Gopher to acquire Playtech’s Finalto in ‘expedient & transparent manner’

Gopher Investments has said that it welcomes the result of a shareholder vote at a Playtech general meeting, which saw a resolution regarding the potential sale of the gambling tech firm’s Finalto financial services division voted down.

This saw shareholders vote against the offer for Finalto, which would’ve brought a $210m divestment to a consortium led by Barinboim Group, and backed by Leumi Partners and Menora Mivtachim Insurance.

Subsequently, Gopher says that it “looks forward to engaging” with the board of Playtech regarding its own $250m for Finalto, and will work to complete the acquisition “in an expedient and transparent manner”.
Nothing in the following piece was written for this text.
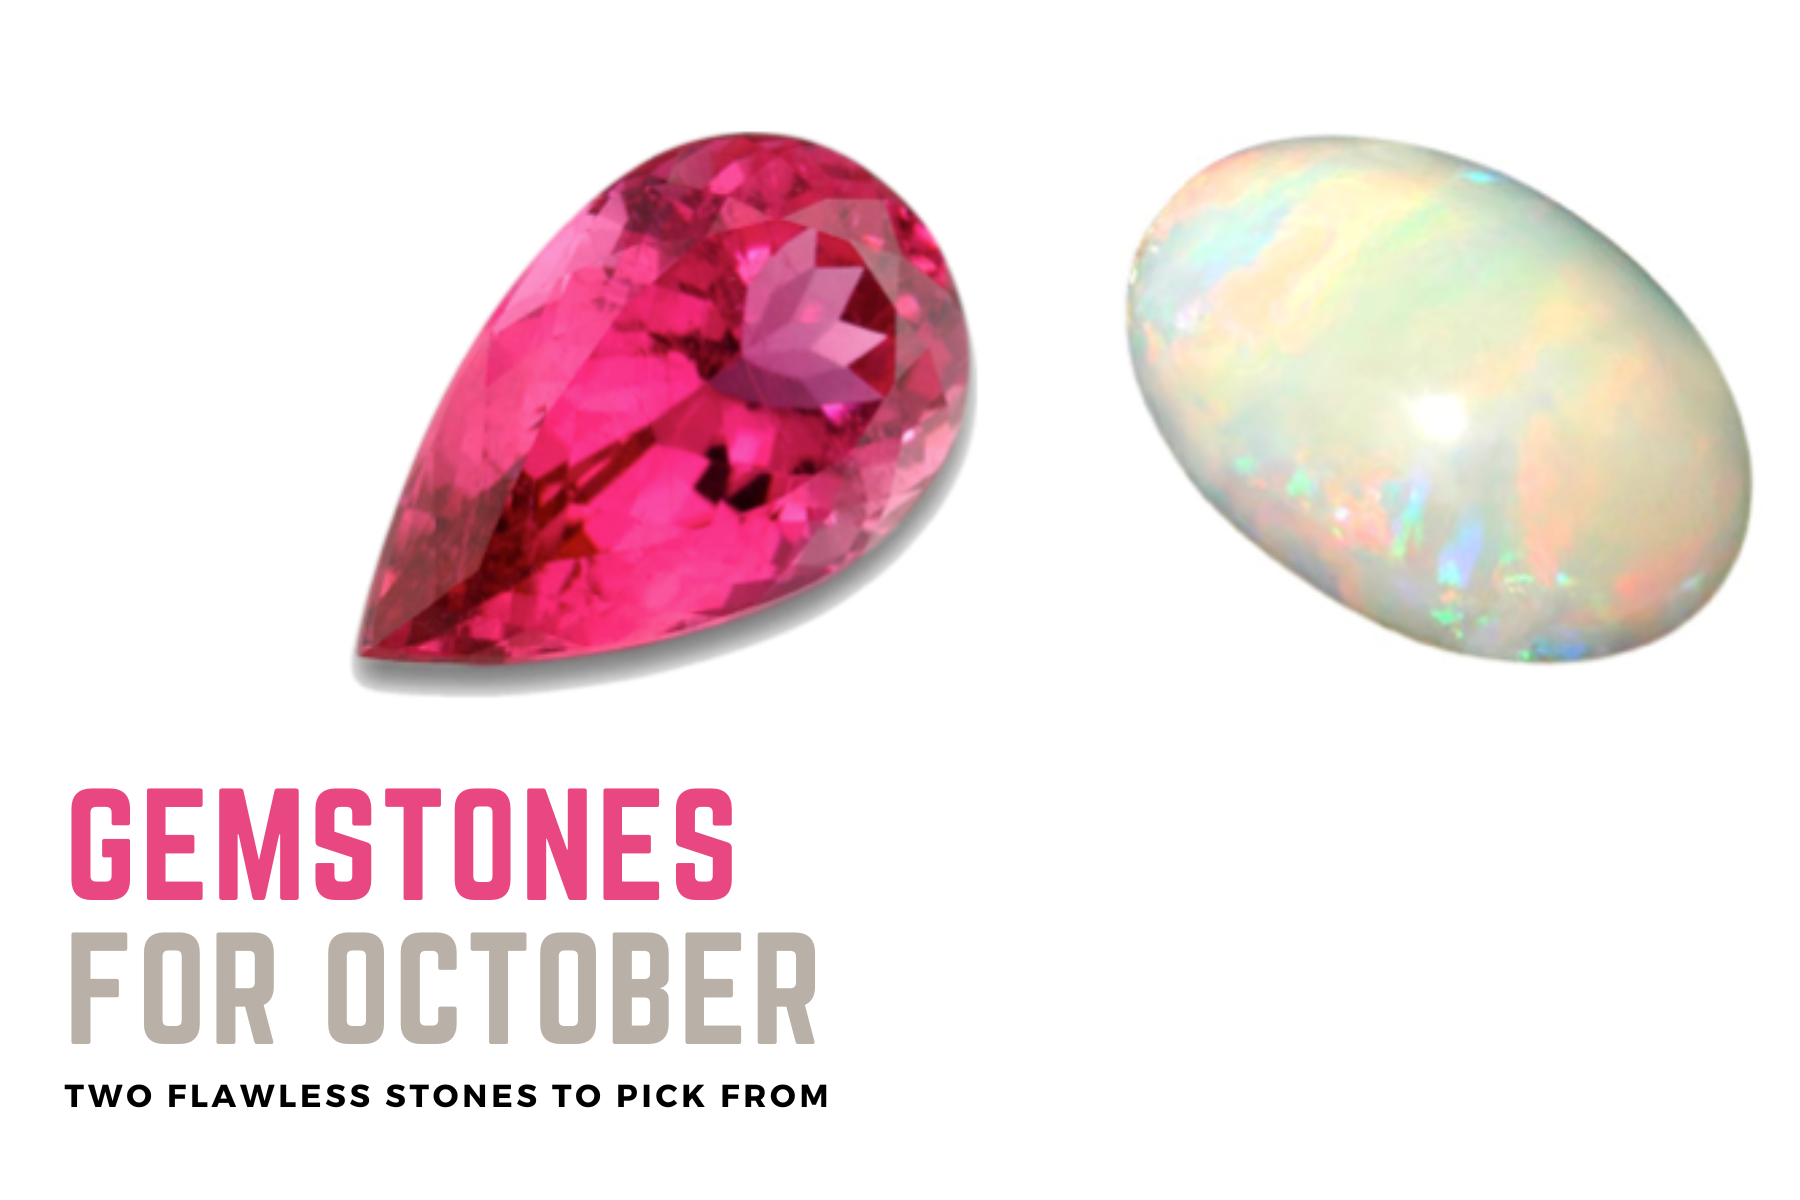 Gemstones For October - Two Flawless Stones To Pick From

Earlier in the year Gopher, a 4.97 per cent shareholder in Playtech, issued an indicative non-binding conditional offer to acquire Finalto for $250m, with the inclusion of a reverse break fee of $10m, in response to a prior agreement inked alongside the aforementioned consortium.

Following numerous statements from each party, in early August Playtech said that it “is currently not in a position to change its recommendation” away from the consortium.

However, at this week’s general meeting, the firm confirmed that “at the general meeting held earlier today, the resolution to approve the disposal of Finalto to the consortium was not passed”.

Due to the latest development, which saw 68.3 per cent against the proposal as opposed to 31.7 per cent for, the consortium and Playtech have agreed to immediately terminate the sales and purchase agreement.

“The board’s stated strategy remains to simplify Playtech’s business and to dispose of Finalto for the maximum available proceeds,” Playtech said in a statement. 

“Having consulted with its leading shareholders, Playtech understands that by voting against the resolution to dispose of Finalto to the consortium, shareholders have been willing to accept the risk of the SPA terminating, thereby enabling Playtech to engage with Gopher and to potentially secure better terms for a sale of Finalto.”